MIT-WHOI Joint Program student Justin Suca pulls an adult sand lance out of a sample net aboard the R/V Tioga off Chatham, Mass. (Photo by Joel Llopiz, © Woods Hole Oceanographic Institution)

“If you care about whales, bluefin tuna, or beautiful seabirds like puffins, you should care about sand lance,” he says. “Everything has to eat, and if something happens to their food, then you’re really affecting that species.”

Despite their critical importance in the marine food web, the fast and furious nature of sand lance has made it challenging for scientists to study them. Llopiz says traditional sampling methods and gear used during surveys “aren’t great for catching sand lance.” However, he and his colleagues have had success using a modified sampling net that works well, particularly when the fish are buried.
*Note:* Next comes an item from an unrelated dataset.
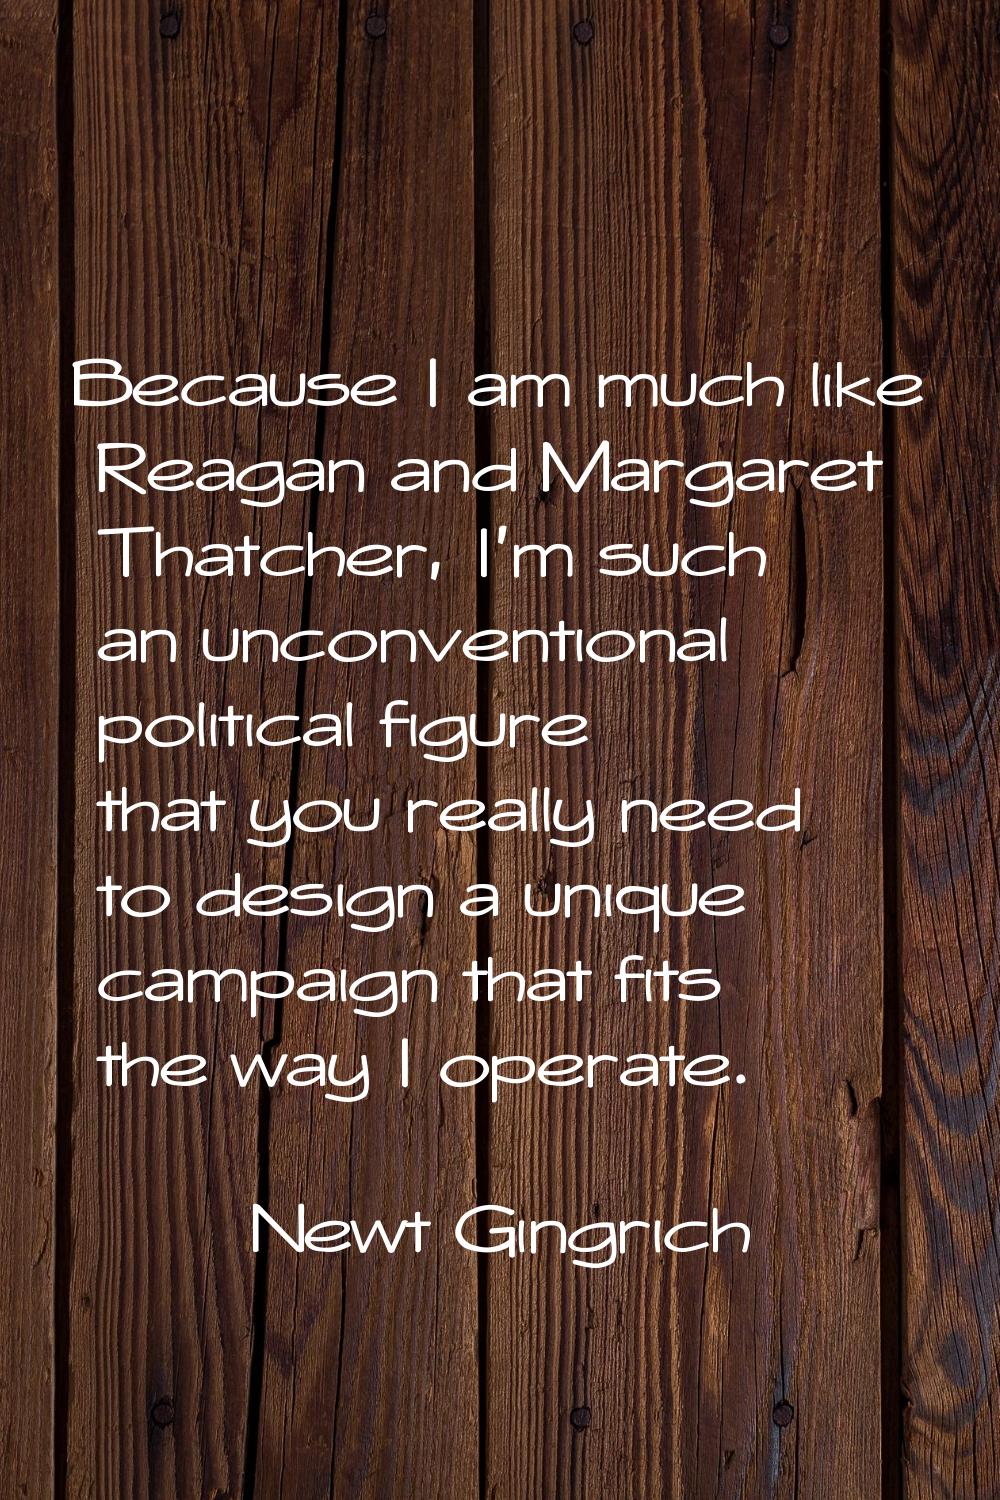 Because I am much like Reagan and Margaret Thatcher, I'm such an unconventional political figure th
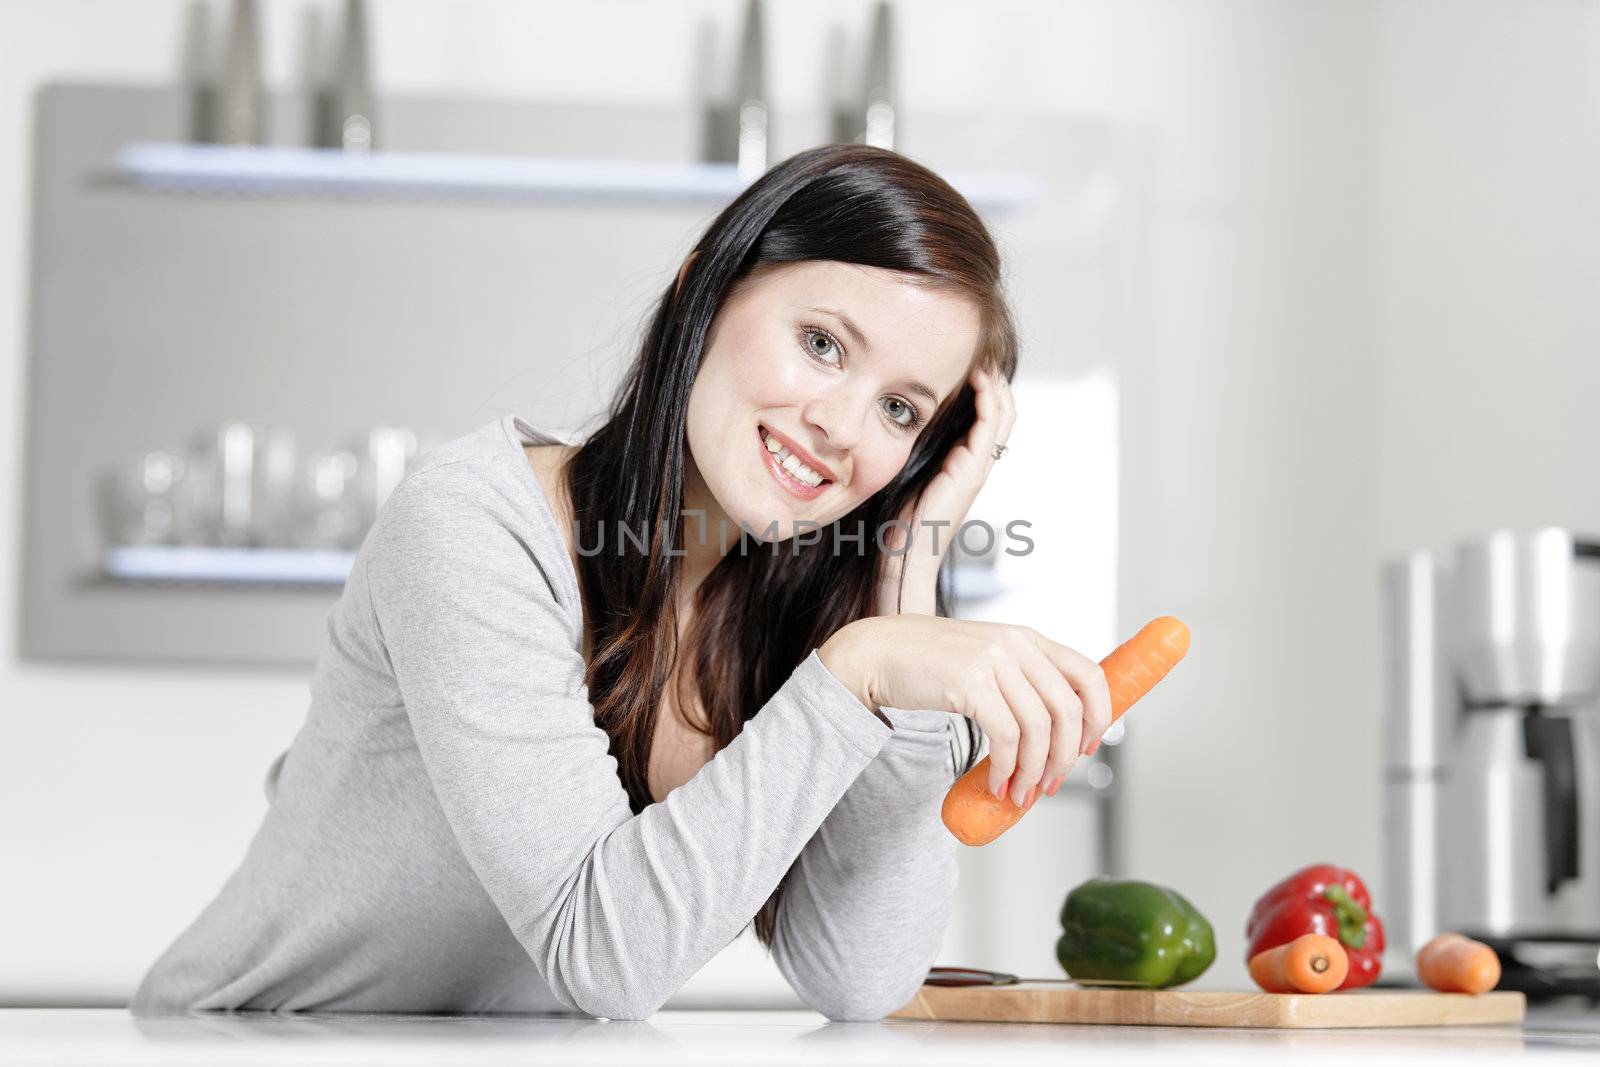 Attractive young woman in her elegant kitchen with fresh vegetables ready to cook.

The researchers have been collecting larval, juvenile, and adult sand lance in Stellwagen Bank and the Great South Channel in Massachusetts to study their basic biology and ecology, and to investigate their population dynamics and factors that may be causing them to shift.  Suca says this information will help inform management and conservation efforts for sand lance and their predators.

“Since sand lance are such a nutritious source of food for a range of marine animals, they’re vulnerable to predation even when burrowed in bottom sediments,” says Suca. “But they are also vulnerable to a range of human impacts including sand mining and warming conditions resulting from climate change. So knowing which areas we need to protect will be vital.”

This research is funded by Woods Hole Sea Grant and the U.S. Bureau of Ocean Energy Management via the National Marine Sanctuary Foundation.